I was never the type to get up early on Sundays to sit in a packed church. I was never the type to read the Bible in my spare time and quote scripture to my friends. But I always believed in God. I prayed to Him. I trusted Him, even when life got hard. Even when everything seemed unfair.
But the older I get, the more family and friends I’m forced to watch die, the harder it is to believe.
How could God allow so much bullshit to happen? How could He allow you to die at such a young age? How could he do that to your parents? To your siblings? To you?
And don’t say that it’s part of the plan, that it is better off this way.
A mother isn’t better off with tears in her eyes and an empty hole in her heart. A child isn’t better off without a parent there to call when they’re sick with the flu or when they need advice on how to file their taxes.
It just doesn’t make sense. I keep sitting here, waiting to find out that I heard wrong. That you’re not dead. That the hospital, that the police, that all of the witnesses who watched it happen all made a huge mistake.
I can’t wrap my head around the reason why God would take someone like you away from here.

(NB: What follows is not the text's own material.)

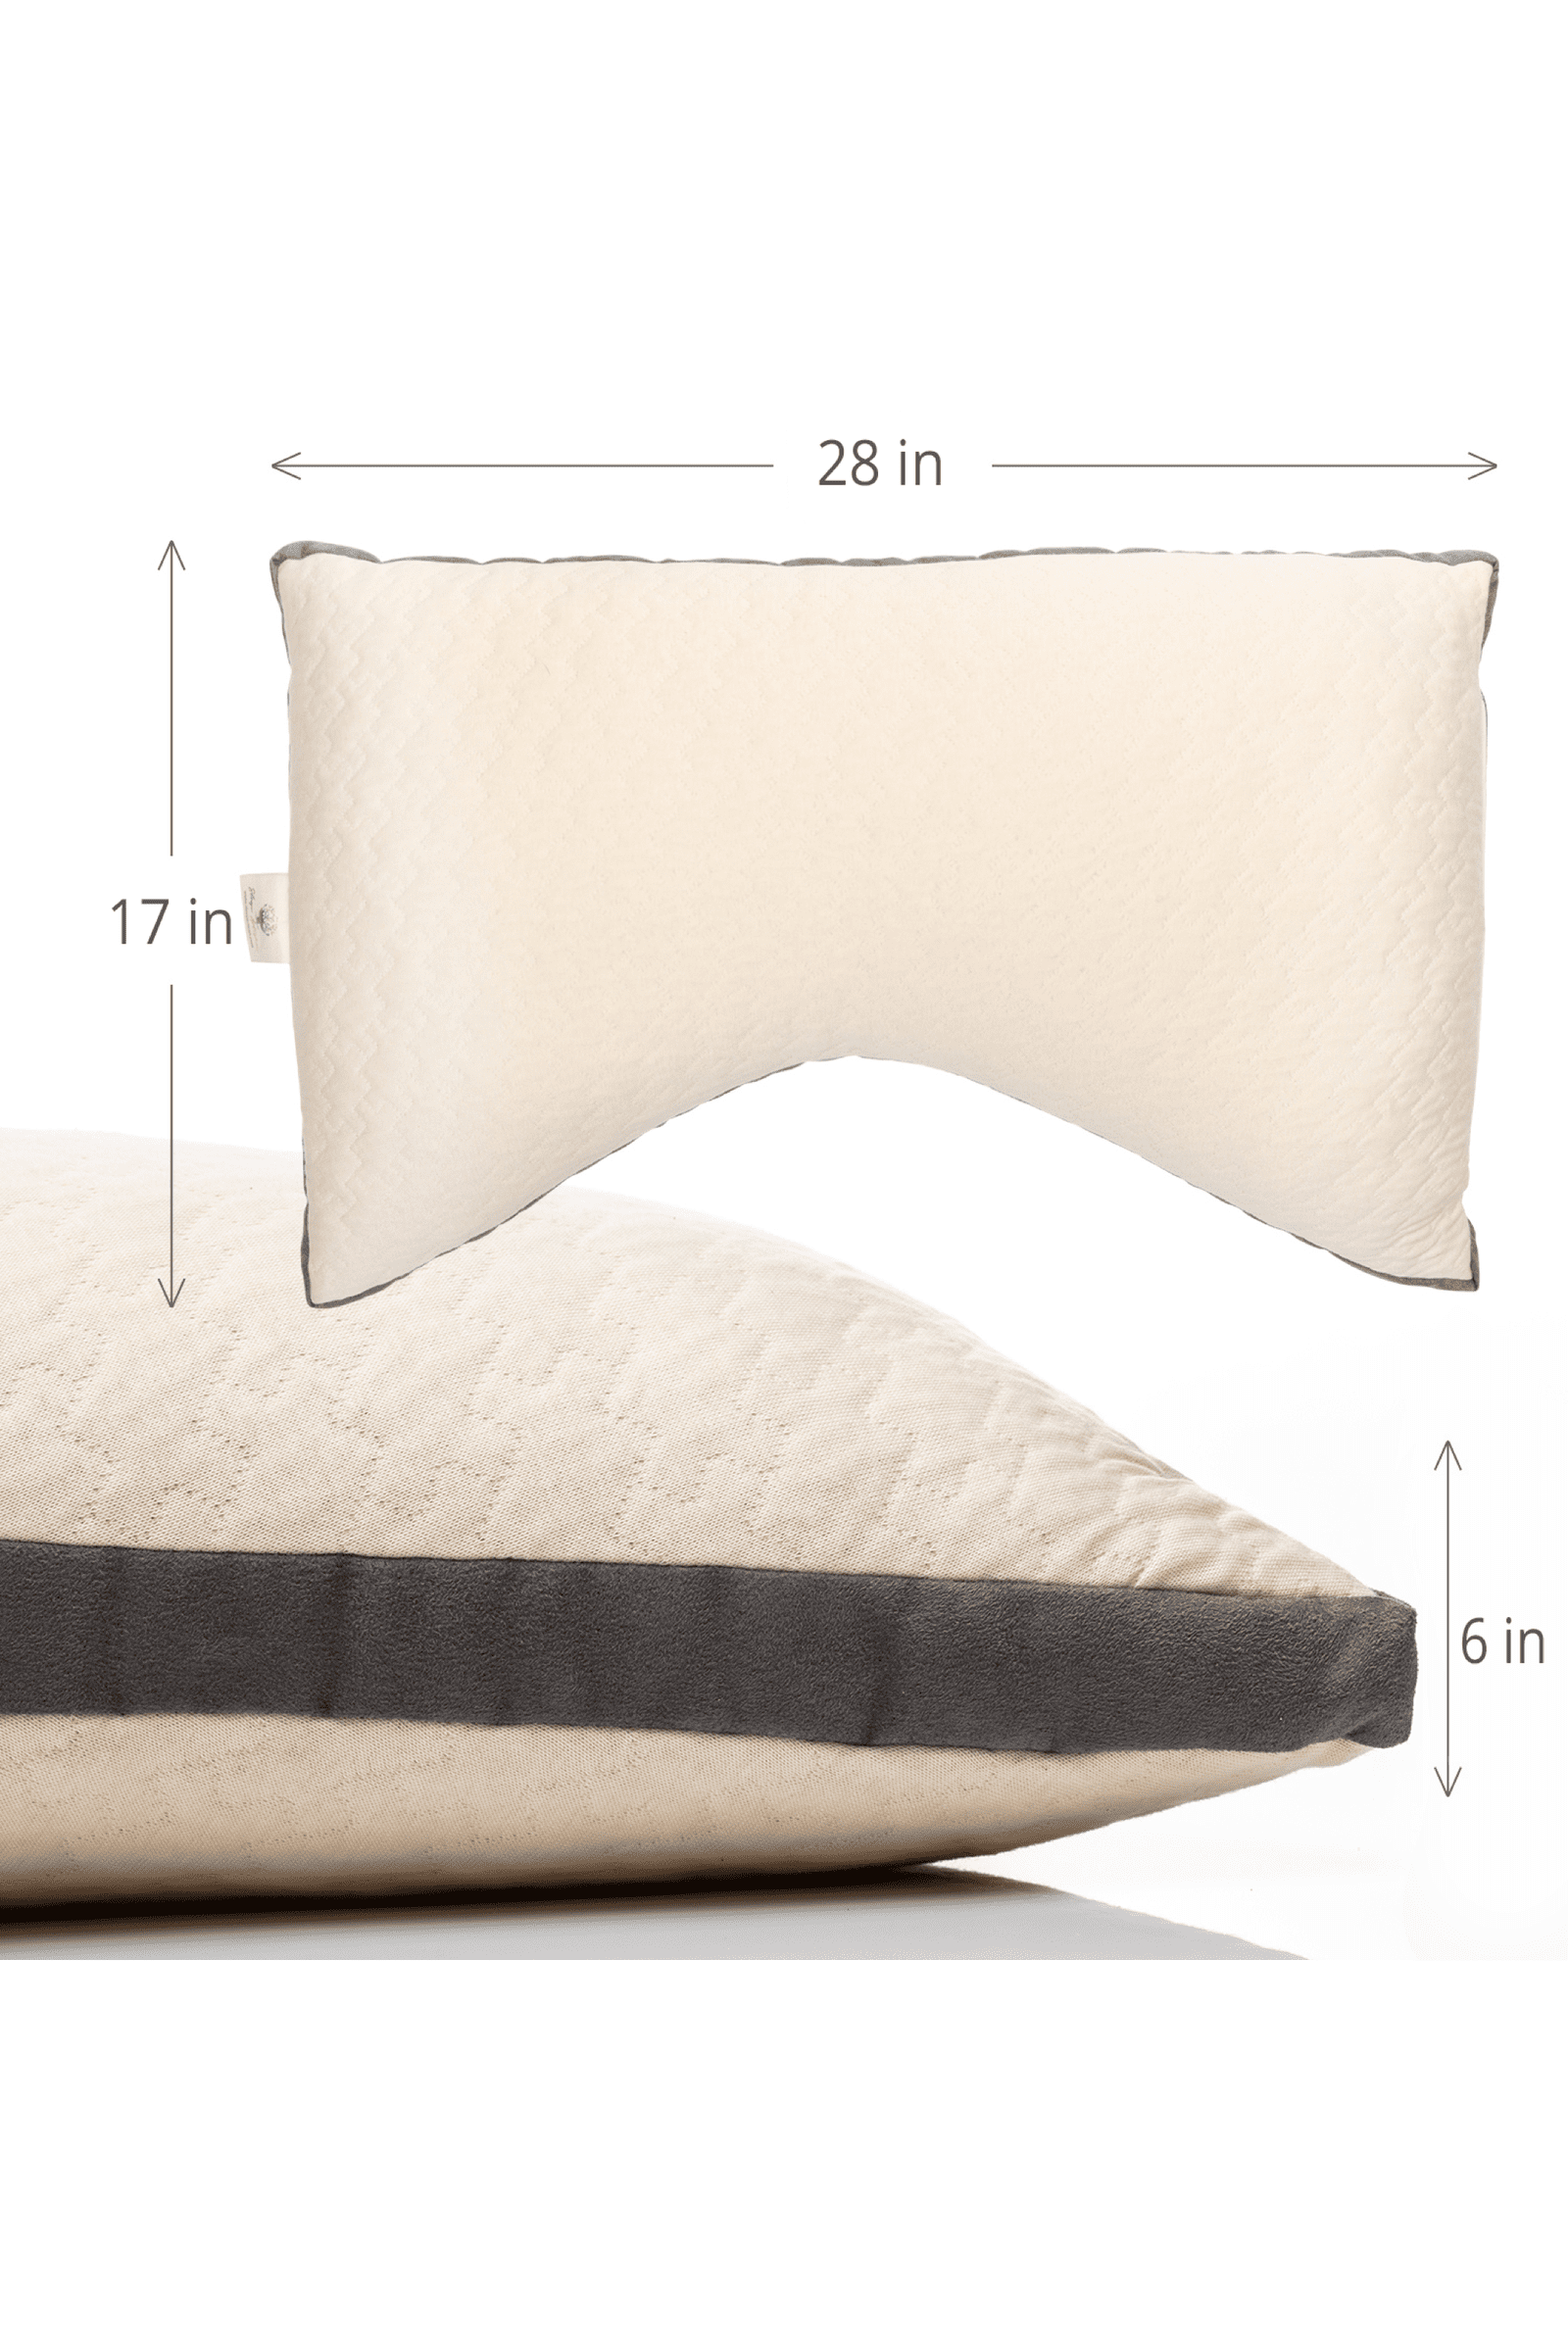 Organic Cotton and Kapok Decorative Pillow Inserts
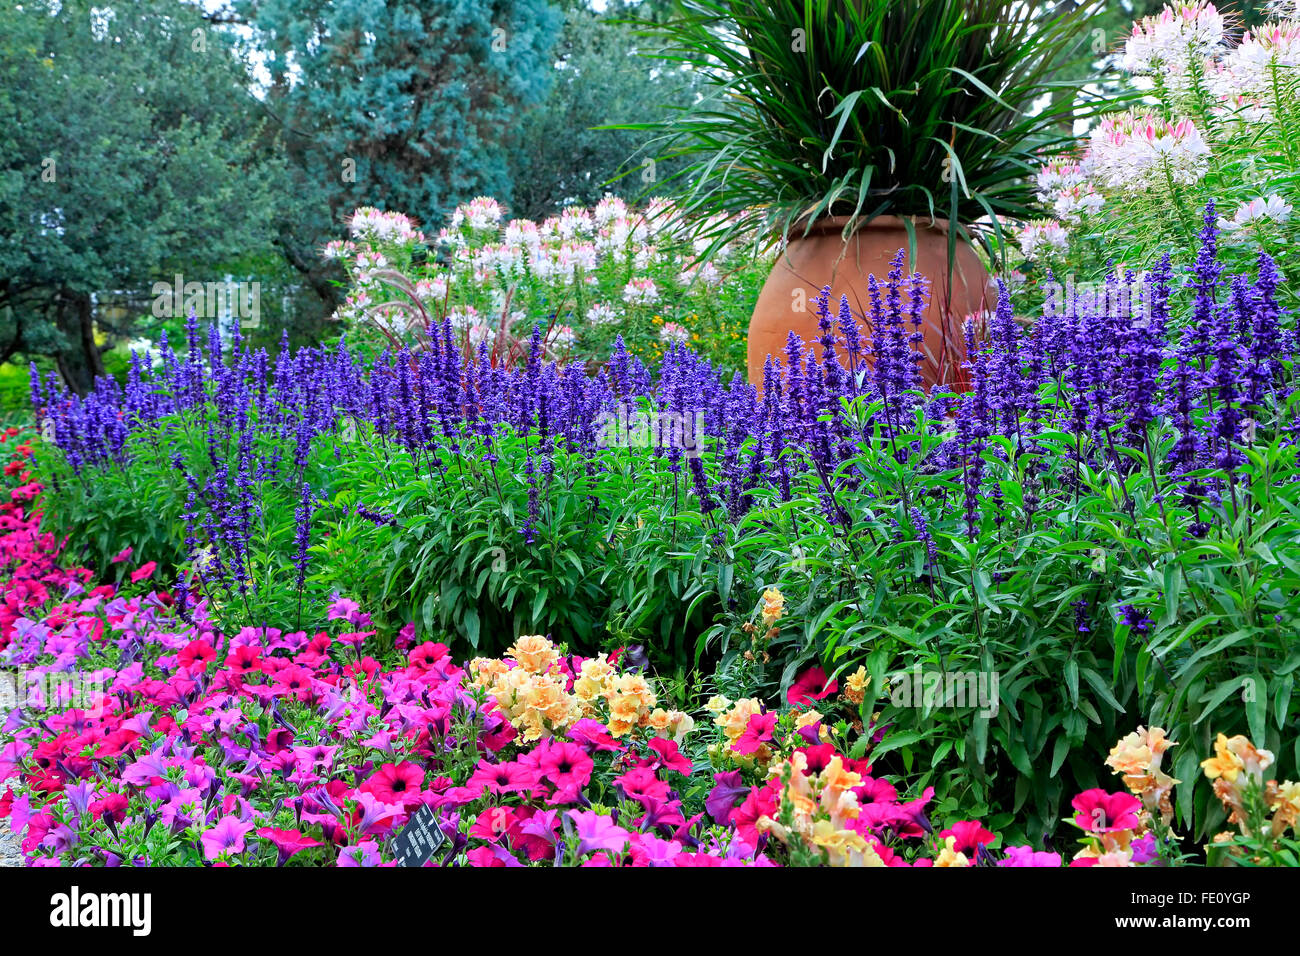 Flowers and ceramic pot, Denver Botanic Gardens, Denver, Colorado USA Stock Photo

Why would He choose to rip someone with such a bright future away and leave all the scumbags who beat their wives and leave cigarette marks on their children? Why does a scumbag who belongs locked in jail for life deserve the chance to live for decades longer than anyone wants them around — while good hearts with close friends and strong morals didn’t even get the chance to get married, to get that promotion, to graduate? Tell me why the hell that would happen.
Before you died, I believed in God without question. But now that you’re gone, I find myself questioning more and more and more. I find it difficult to keep my hope alive.
But even though I have doubts, I still pray every night.
Because I want to believe there’s a heaven holding the loved ones who have been taken away from me. I want to believe that I will see them again when my time has arrived.
I want to believe that we were thrown on this planet for a reason. I want to believe that all of those people who lived shit lives but stayed positive the whole way through will get rewarded after their deaths. I want to believe that they didn’t get ripped off.
I don’t know if I can be considered a Catholic anymore. I don’t know if I can be considered an atheist just yet. I guess I’m stuck somewhere in between, between hope and hopeless.
All I know is that I so badly want to believe in God. But I just don’t know if I do anymore.